В одной захваченной деревне в церкви Покрова Богородицы Курбский решил причаститься. Они встали на дневку, разослали конные дозоры, ратники начали топить баню, стирали рубахи, ковали коней.
Ранним утром Курбский пошел в храм; в чистой деревянной простоте храма стояли и свои, и местные в лаптях и белых рубахах. Князь подошел к исповеди. Маленький, как подросток, седой курносый попик робко наклонил голову, сказал, показывая на Евангелие и крест на аналое:
— Не скрой греха, чадо Андрей, ни вольного, ни невольного, ибо Господь незримо стоит меж нами.
Курбский честно перечислил:
— Грешен в питии, словоблудии, гневе, в суетном многоглаголании, в чревоугодии, жестокосердии, гордыне… — Он замолчал, припоминая.
Попик тихонько вздохнул.
— Все ли? — спросил он, — Ежели не простил кому, прости здесь, сейчас…
И тут Курбский понял, что попик знает, что он — князь Курбский, ушедший от царя Ивана в Литву. Он не сразу ответил: лицо царя всплыло и заслонило иконостас, солнечные пыльные просветы высоких окон, взгляд царя бегал, щупал, выжидал, чтобы сразу схватить даже намек на непрощение и бросить в кислую от крови избу, в застенок. И от этого подымалась ярость, и он боролся с ней, как с кощунством, но не мог побороть.

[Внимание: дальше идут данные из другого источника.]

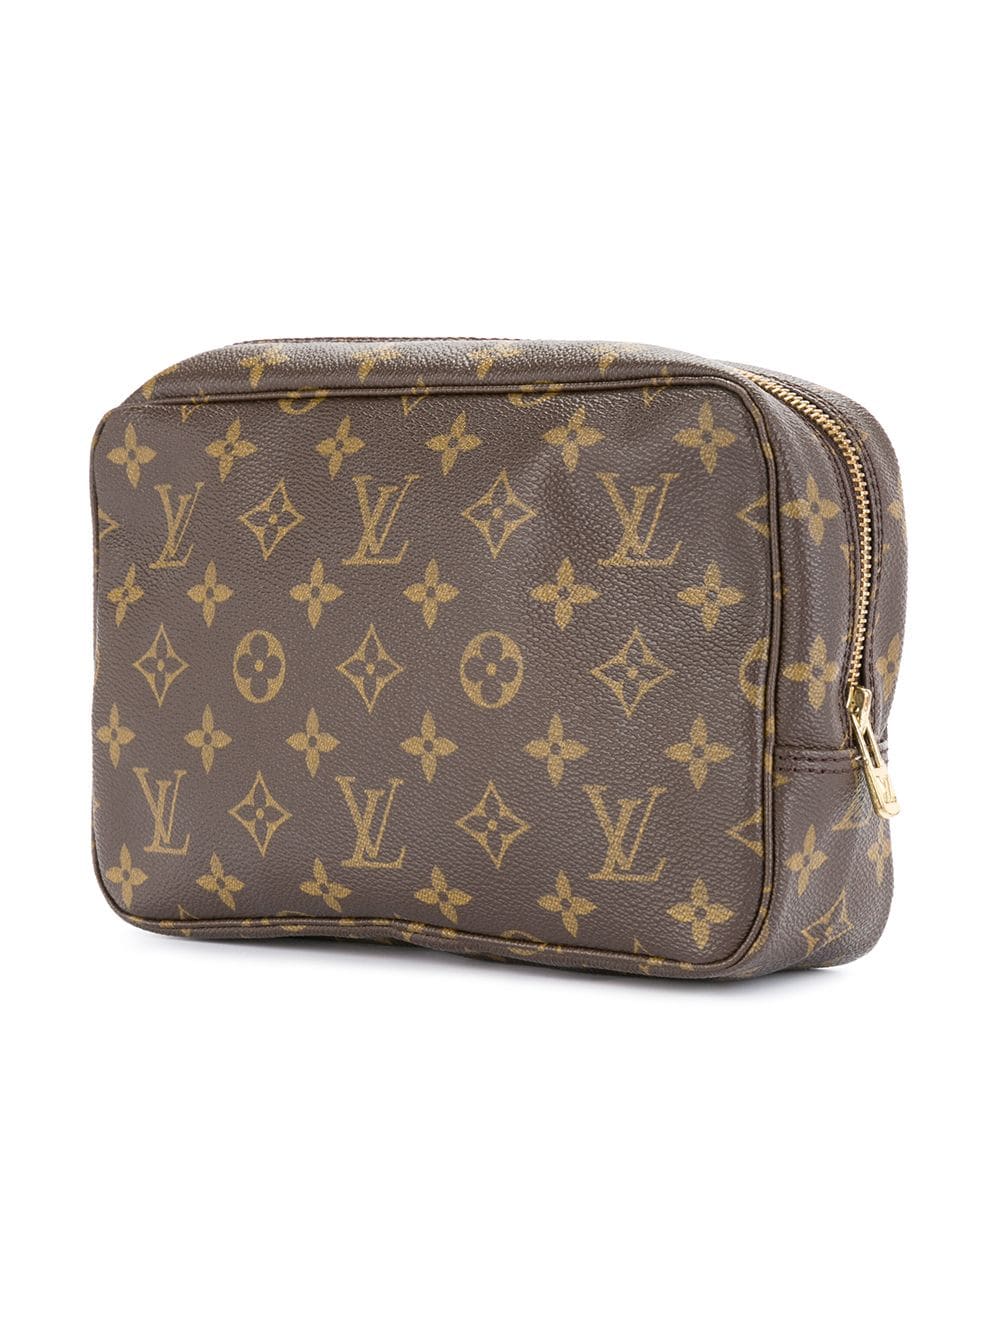 Auth Louis Vuitton Monogram Trousse Toilette 23 Clutch Hand Bag

Здесь лукавить было недопустимо, страшно.
— Одного человека простить не могу, — сказал он, волнуясь и краснея, — да, может, он и не человек уже, а… оборотень. Нет, не могу!
Попик потупился, сложил ручки под грудью.
— Ежели не можешь простить, то и я не могу тебя разрешить, княже, — сказал он еле слышно.
И Курбский, с трудом отстояв обедню, но не приняв причастия, в тот же день поднял весь отряд и повел его на рысях прочь, подальше, точно можно было убежать от самого себя. Когда выехали на высокое место верстах в трех от этого села и этой церкви Покрова Богородицы, он придержал коня, оглянулся и увидел позади высокий черно-сизый дым.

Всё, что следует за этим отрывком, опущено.